◆ Assigned task
Copy verbatim the span of lines beginning at the line that contains "Veganes Dessert Rezept" and ending with the final line of the data. Exclude pictures from the copy.

◆ Supplied material
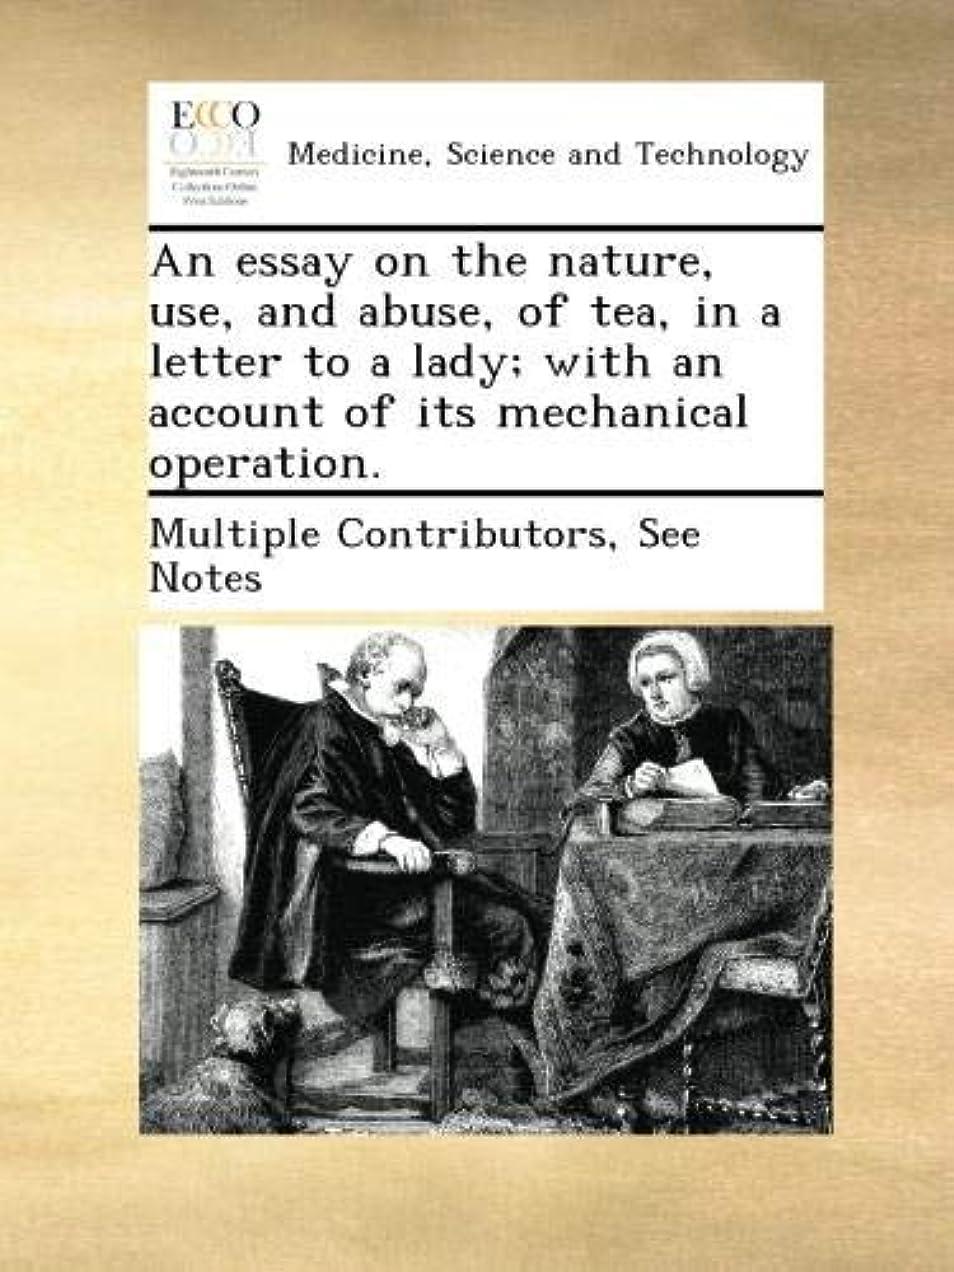 銀河憎しみ所持An essay on the nature, use, and abuse, of tea, in a letter to a lady; with an account of its mechanical operation.
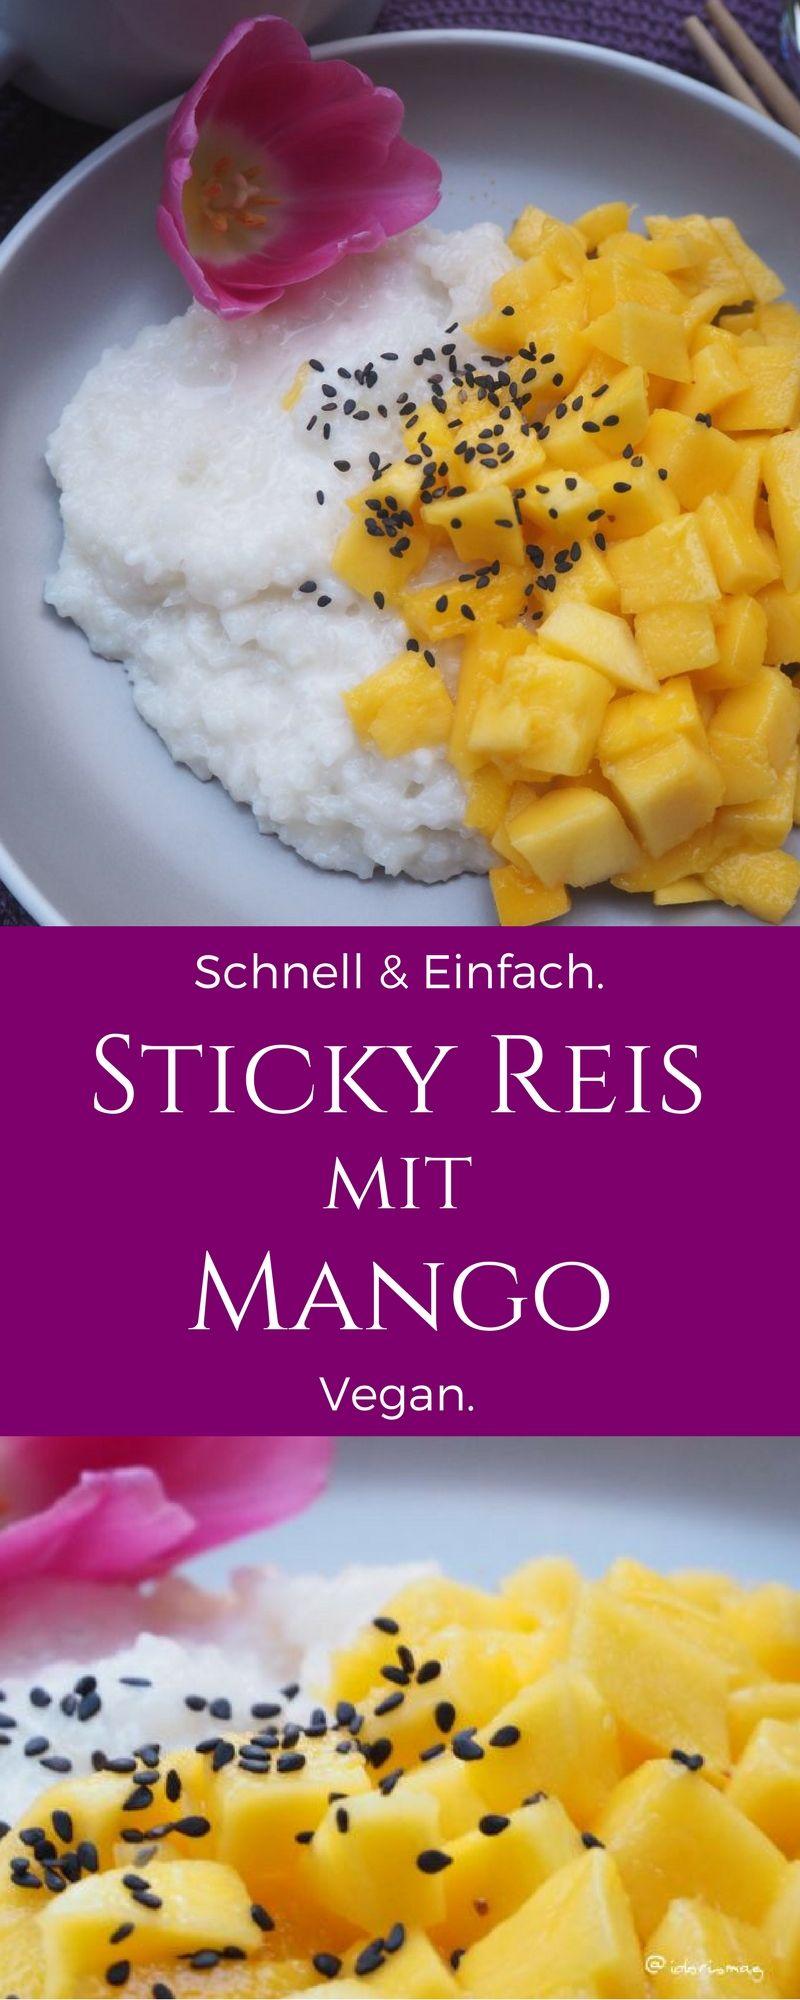 Veganes Dessert Rezept - Exotisch, Thailändisches Nachtisch Rezept. Sticky Rice with Mango. Klebereis mit Mango. Vegan Essen in Bangkok. #einfachernachtisch
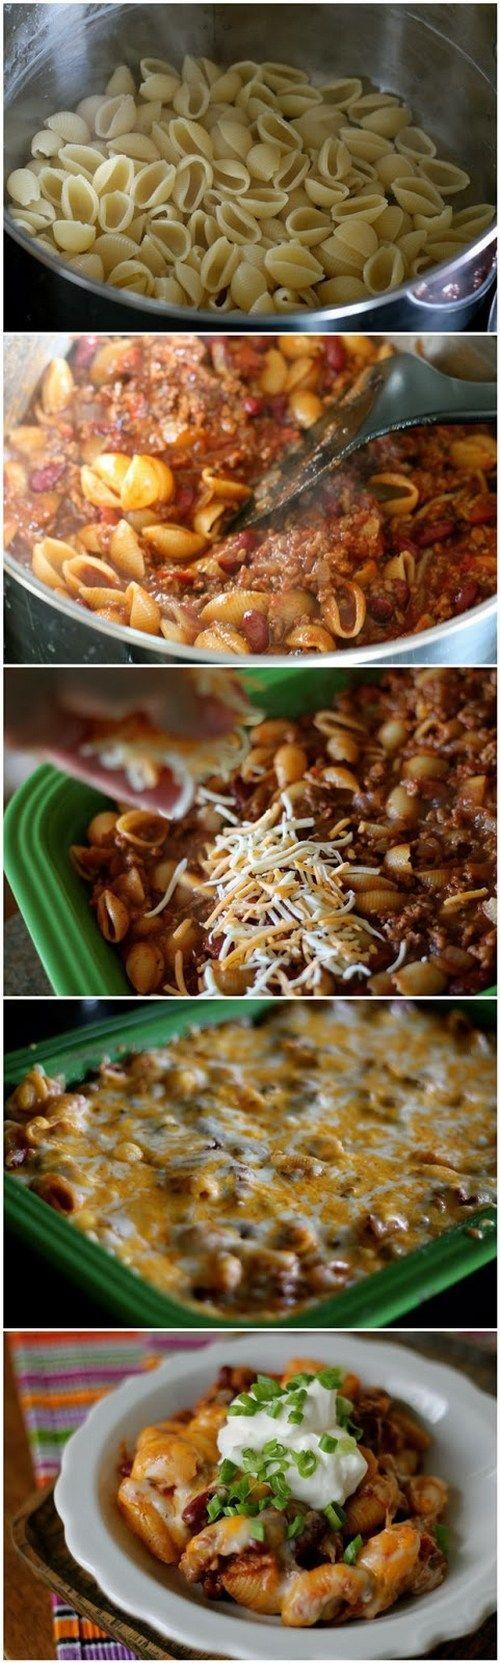 Delicious fire roasted tomato pasta.

◆ Expected answer
 Veganes Dessert Rezept - Exotisch, Thailändisches Nachtisch Rezept. Sticky Rice with Mango. Klebereis mit Mango. Vegan Essen in Bangkok. #einfachernachtisch
 Delicious fire roasted tomato pasta.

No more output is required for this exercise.